Once you have your OpenVPN server running using the config files I’ve provided, you will be able to see PFS in action in your server log. Every hour you will see lines like this in your logs showing the data channel encryption being reset.
Tue Jun 13 01:51:20 2017 client/142.68.135.226:53504 TLS: soft reset sec=0 bytes=51538/0 pkts=255/0
Tue Jun 13 01:51:20 2017 client/142.68.135.226:53504 VERIFY OK: depth=1, C=US, ST=RI, L=Quahog, O=Happy Go Lucky Toys, OU=Inspections, CN=Happy Go Lucky Toys CA, name=EasyRSA, emailAddress=ca@happygoluckytoys.com
Tue Jun 13 01:51:20 2017 client/142.68.135.226:53504 VERIFY OK: depth=0, C=US, ST=RI, L=Quahog, O=Happy Go Lucky Toys, OU=Inspections, CN=client, name=EasyRSA, emailAddress=noreply@happygoluckytoys.com
Tue Jun 13 01:51:20 2017 client/142.68.135.226:53504 Data Channel Encrypt: Cipher 'AES-256-CBC' initialized with 256 bit key
Tue Jun 13 01:51:20 2017 client/142.68.135.226:53504 Data Channel Encrypt: Using 512 bit message hash 'SHA512' for HMAC authentication
Tue Jun 13 01:51:20 2017 client/142.68.135.226:53504 Data Channel Decrypt: Cipher 'AES-256-CBC' initialized with 256 bit key
Tue Jun 13 01:51:20 2017 client/142.68.135.226:53504 Data Channel Decrypt: Using 512 bit message hash 'SHA512' for HMAC authentication
Tue Jun 13 01:51:21 2017 client/142.68.135.226:53504 Control Channel: TLSv1.2, cipher TLSv1/SSLv3 DHE-RSA-AES256-SHA256, 2048 bit RSA
OpenVPN allows you to control the key rotation cycle to match your paranoia level. Use reneg-sec xx
in your server.conf file to control how frequently the key cycles where xx
is some seconds.
What are all these files?
Key file (*.key)
This is the private key file that should be kept secret. Only the owner ever needs to use the private key, so it should not be transferred to any other system at any time. It can be used to encrypt, decrypt, and sign files on behalf of its owner.
Certificate file (*.crt)
This is the public key file which is publicly available. The certificate file can only be used to encrypt or verify files signed by the private key owner, so it can be widely shared. In the context of OpenVPN, the certificate file is used to verify the identity of the OpenVPN server itself, and the identify of connecting clients. Since these certificate are signed by our trusted CA, both sides will trust it.

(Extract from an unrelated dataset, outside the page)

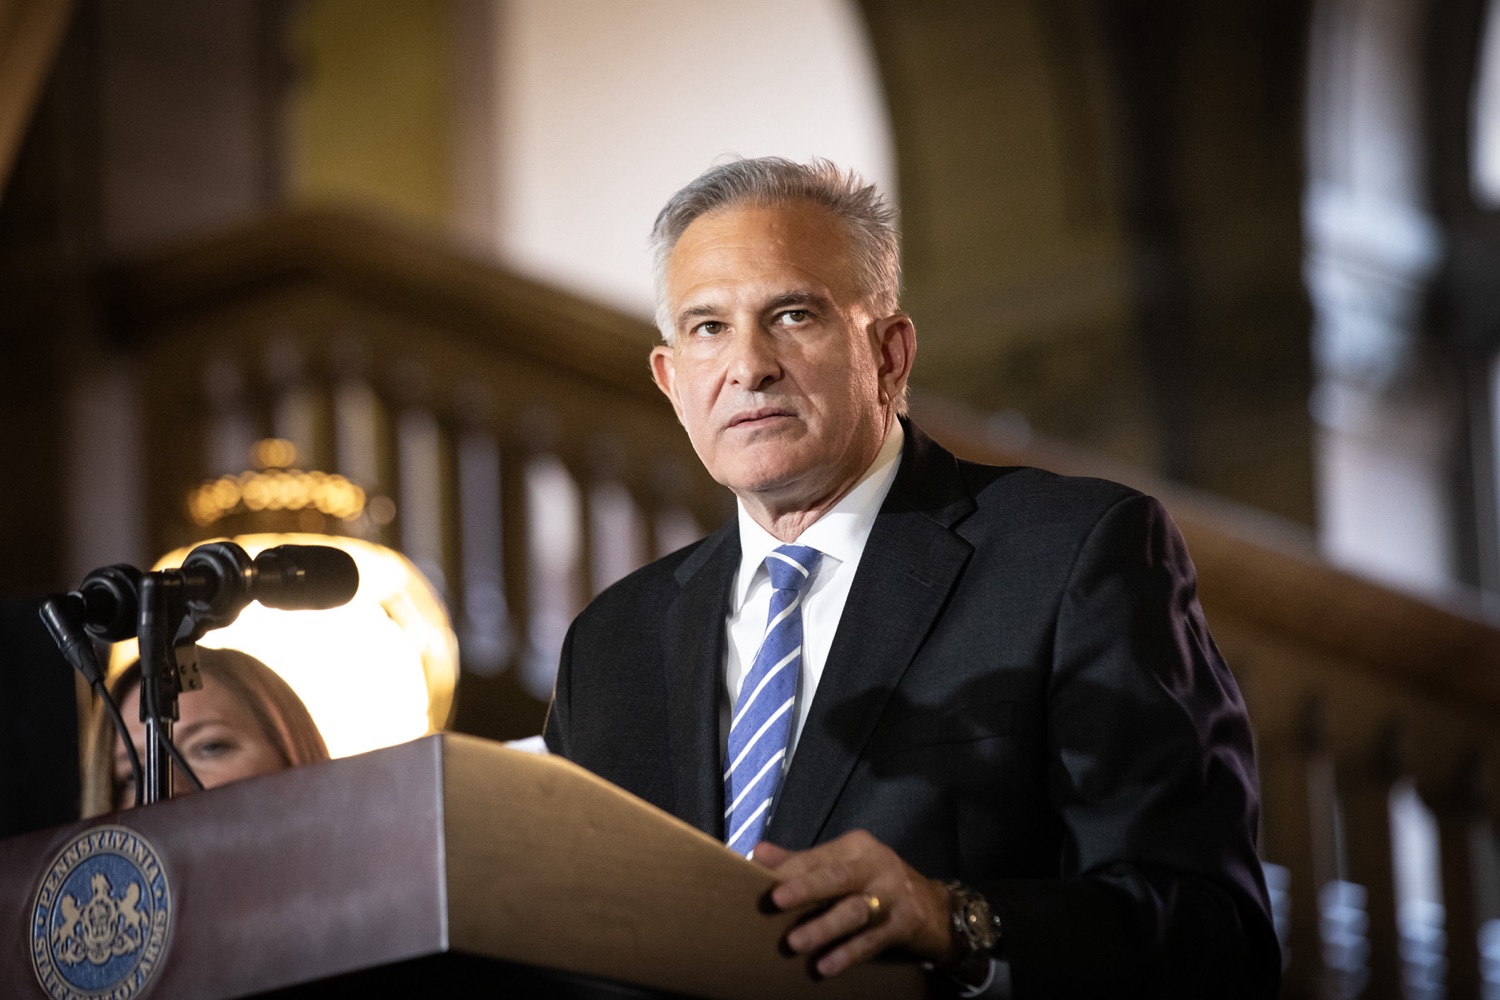 Pennsylvania Attorney General Michelle Henry and Allegheny County District Attorney Stephen Zappala were joined by law enforcement and community collaborators to announce a new public safety initiative in Allegheny County. Pictured here is Stephen Zappala, Allegheny County District Attorney, delivering remarks during the event. Pittsburgh, Pennsylvania.<br><a href="https://filesource.amperwave.net/commonwealthofpa/photo/24297_oag_publicSafety_JAP_07.jpg" target="_blank">⇣ Download Photo</a>

Certificate Signing Request (*.csr)
The CA does not need the client’s private key in order to generate a certificate. It only needs a CSR from the client in order to do so. The CSR is signed by the client so the CA trusts that it is a legitimate request and returns a signed certificate file. A more familiar use of CSRs is demonstrated in the purchase of SSL certificates. You generate a CSR on your server and provide it to the SSL vendor and they return a certificate file to you which you then install on your server.
Installing the OpenVPN Server
The version of OpenVPN in the Ubuntu repository is a little out of date. I’m going to use it anyhow because this is a Long Term Support (LTS) version of Ubuntu so it will be updated as needed. If you’d like to run the most current version of OpenVPN you’ll need to get the packages from the OpenVPN site and then solve any potential dependency installation issues as you go.
sudo apt-get install openvpn
We need to create configuration files for both the server and our clients. To do that we’re going to need certificates, so we’ll set up easy-rsa first.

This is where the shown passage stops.